WORK REQUEST:
Make an exact copy of the data below, leaving out every picture.

DATA EXCERPT:
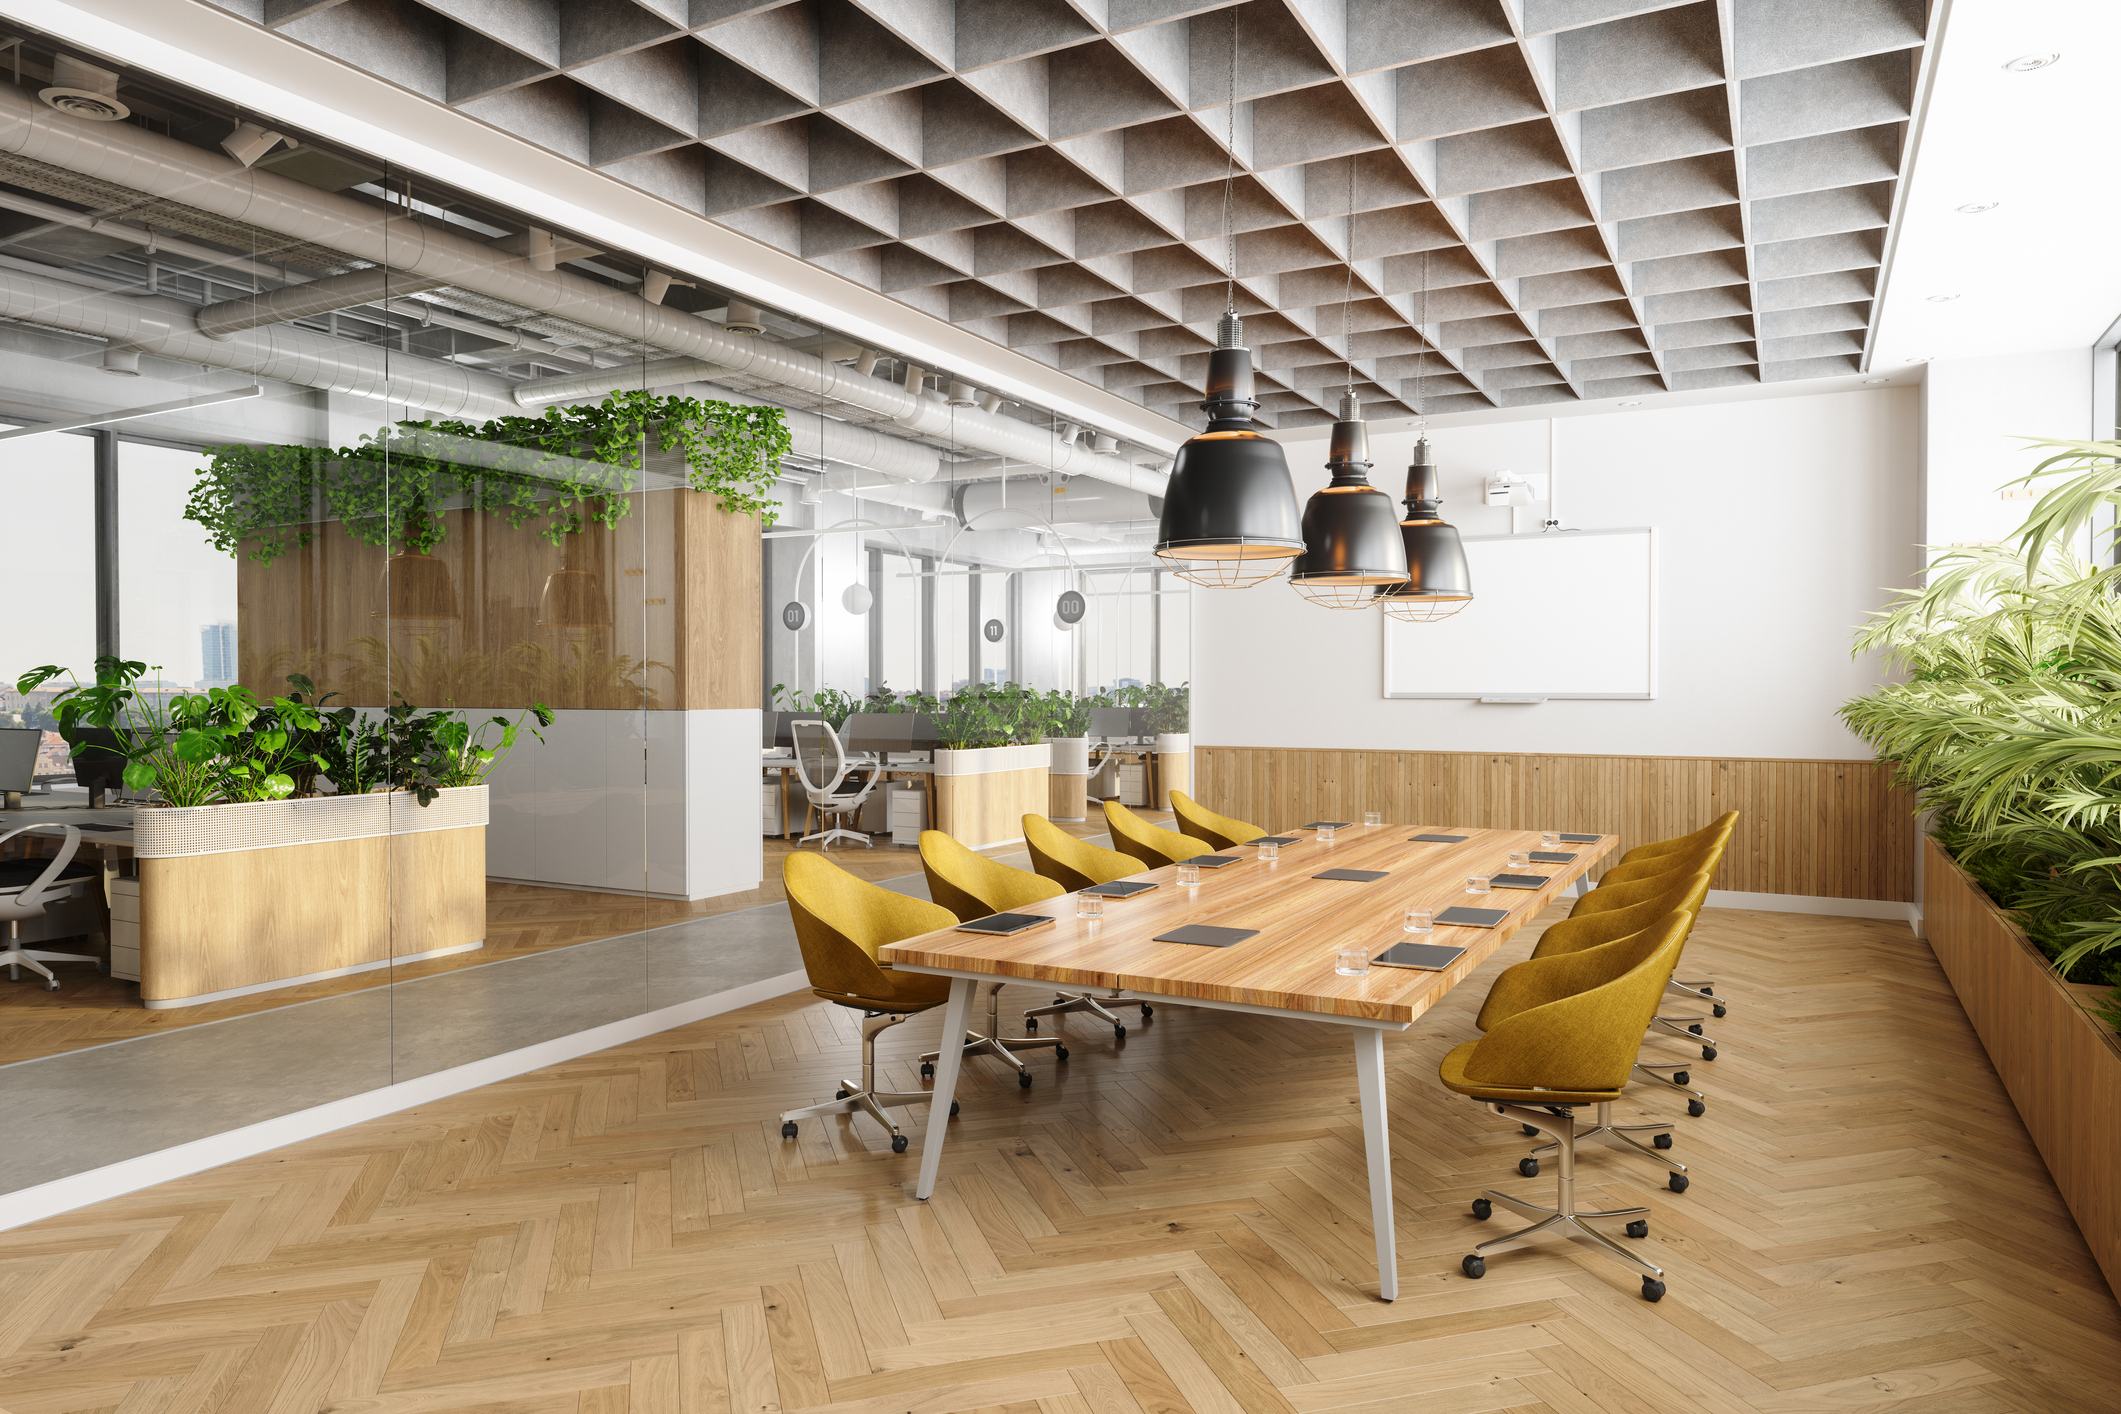 Eco-Friendly Open Plan Modern Office Interior With Meeting Room. Wooden Meeting Table, Yellow Chairs, Plants And Parquet Floor
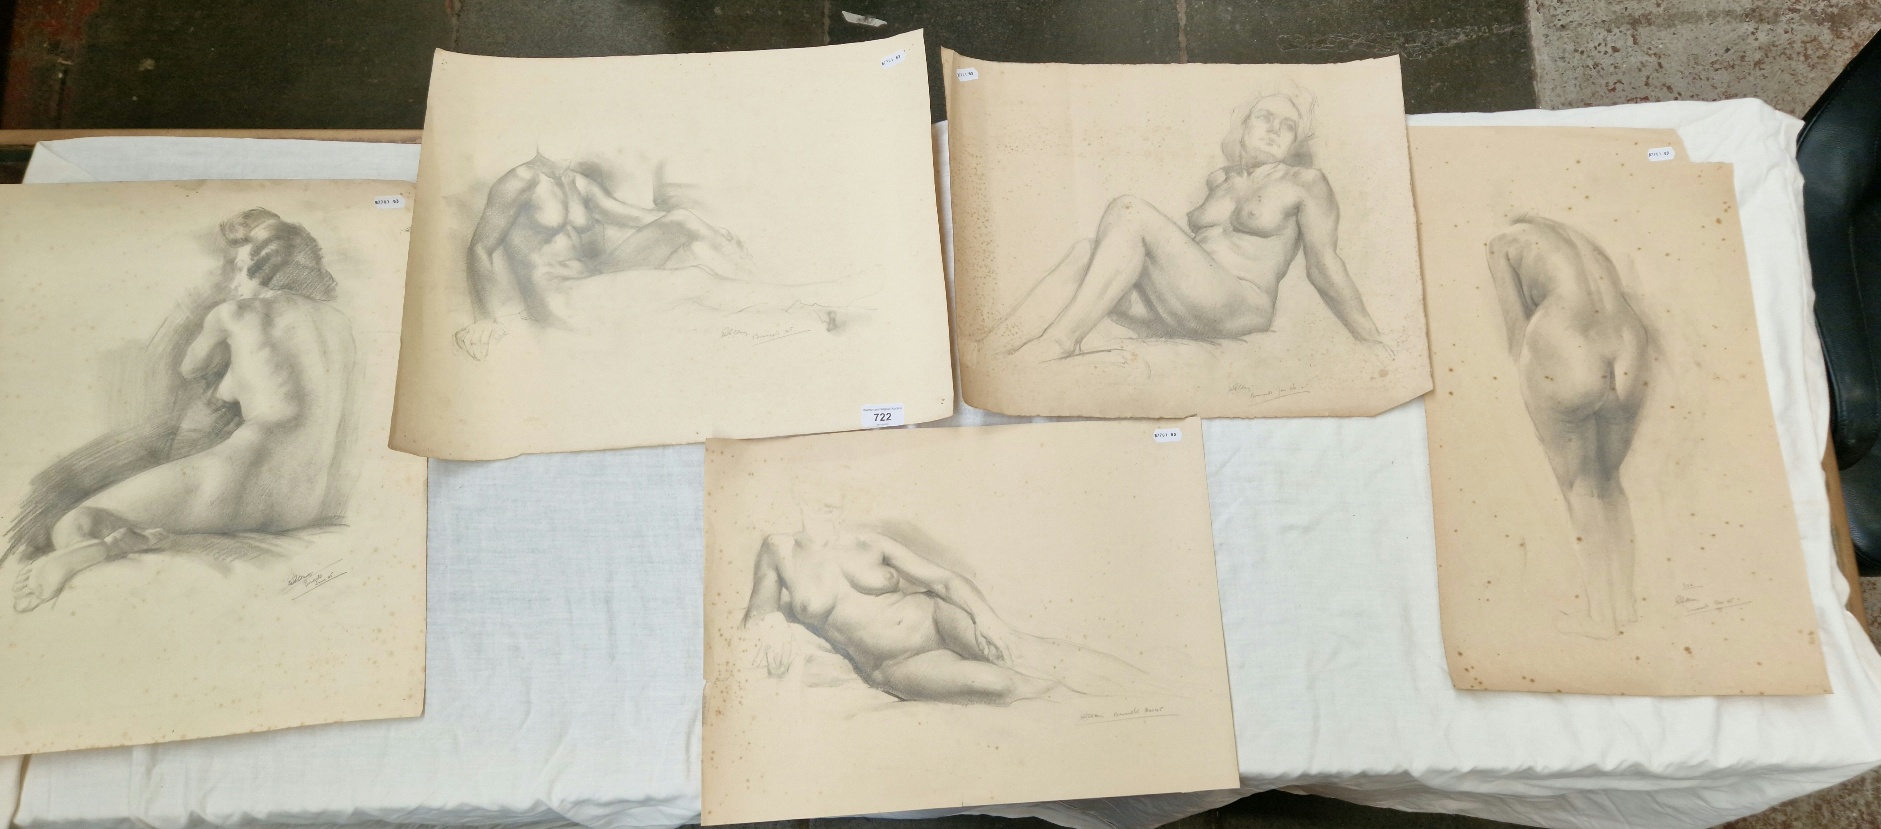 E G Clay (British, 20th century), five nude studies, pencil on paper, each signed 'E.G.Clay...
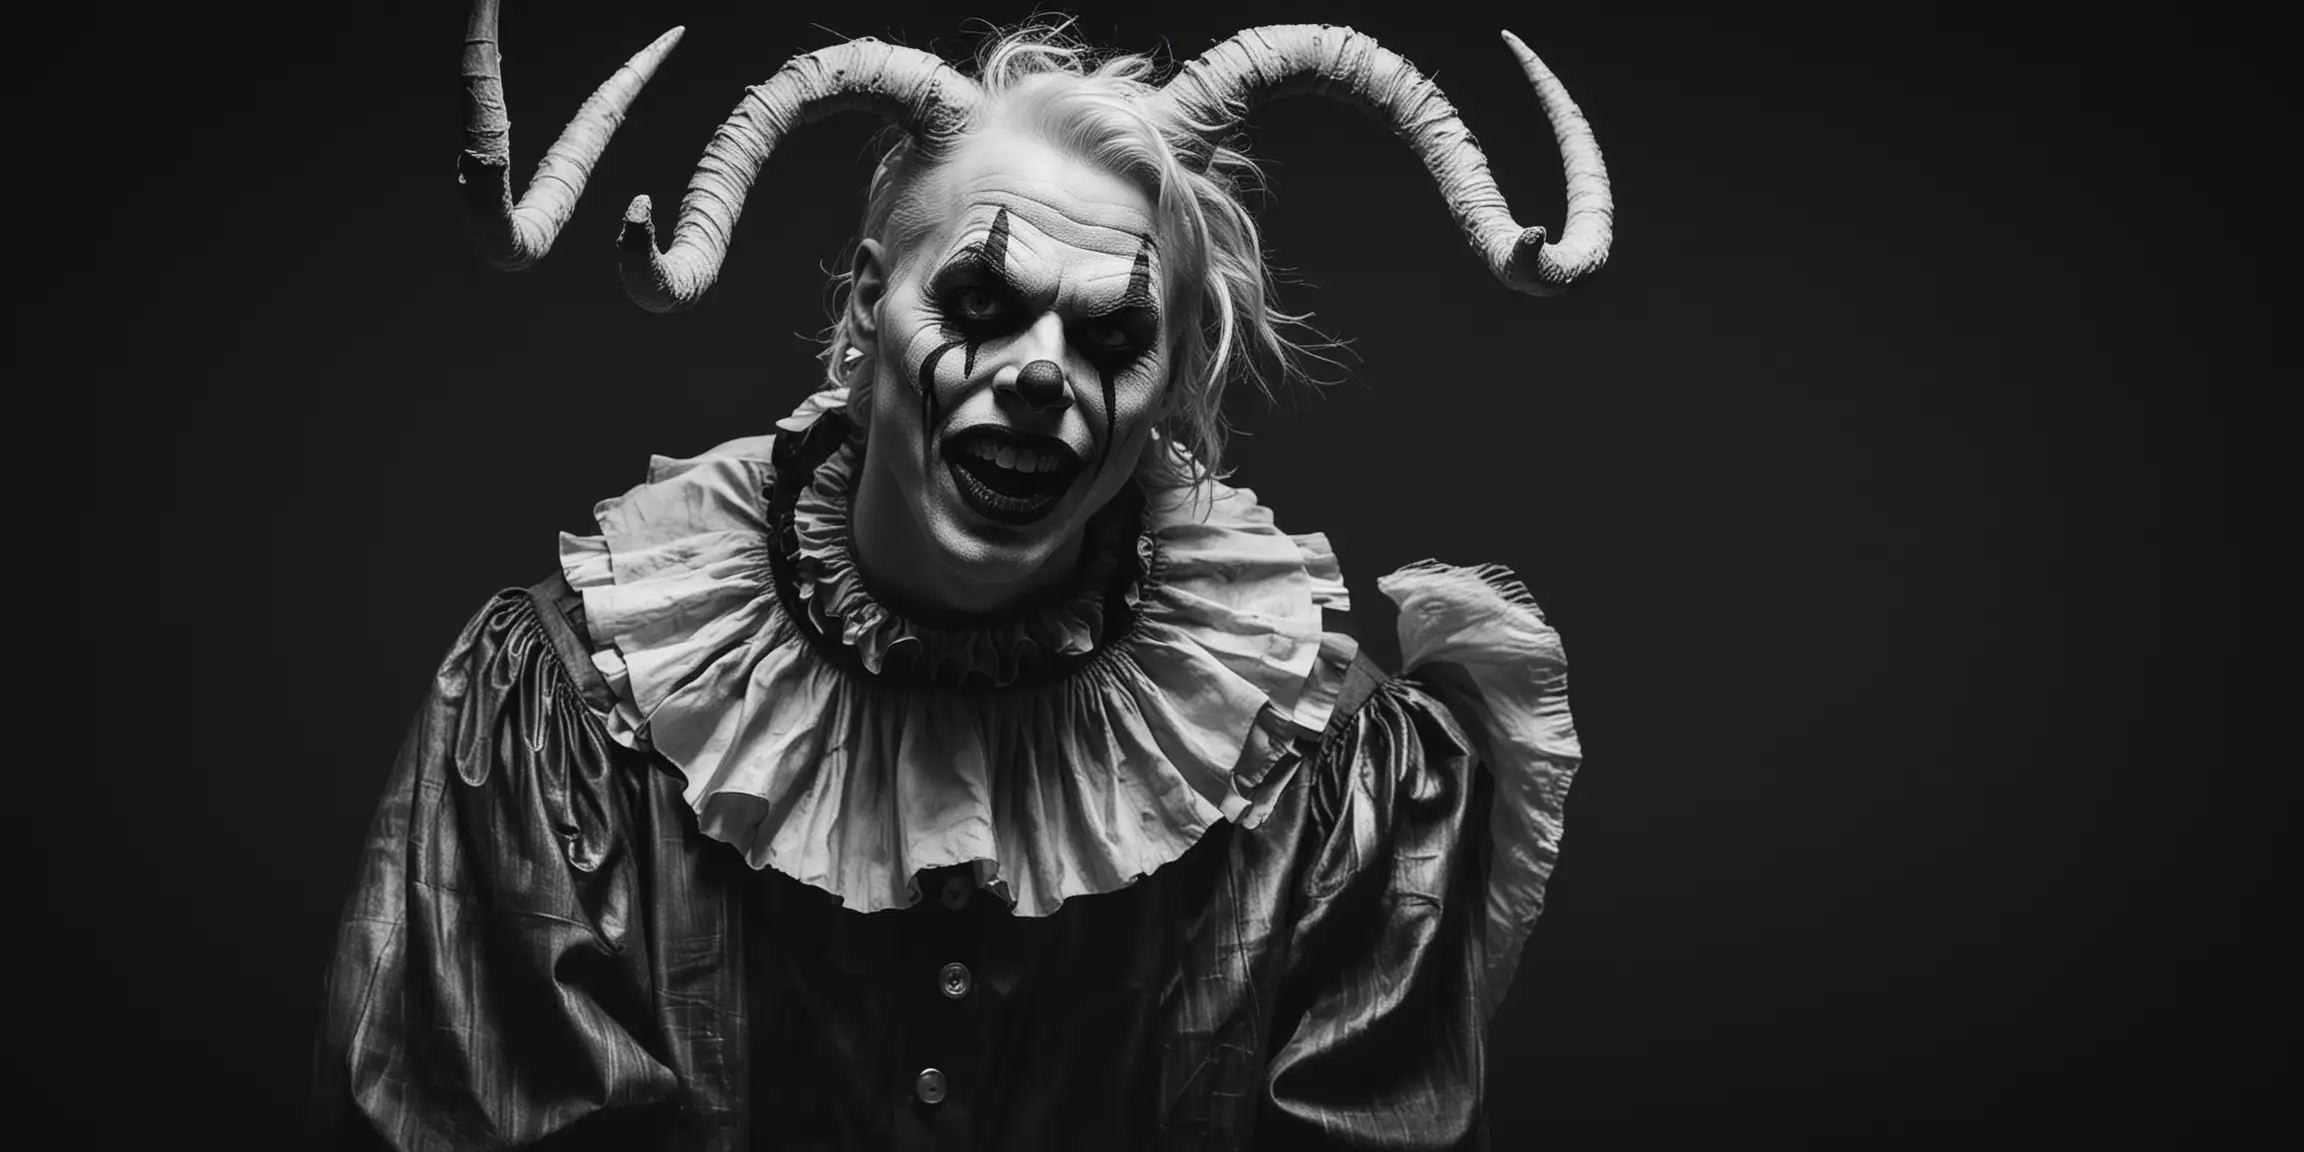 Surreal Portrait Dark Clown with Long Wavy Horns and Creepy White Face Paint

EXERCISE OUTPUT:
 Eco-Friendly Open Plan Modern Office Interior With Meeting Room. Wooden Meeting Table, Yellow Chairs, Plants And Parquet Floor
 E G Clay (British, 20th century), five nude studies, pencil on paper, each signed 'E.G.Clay...
 Surreal Portrait Dark Clown with Long Wavy Horns and Creepy White Face Paint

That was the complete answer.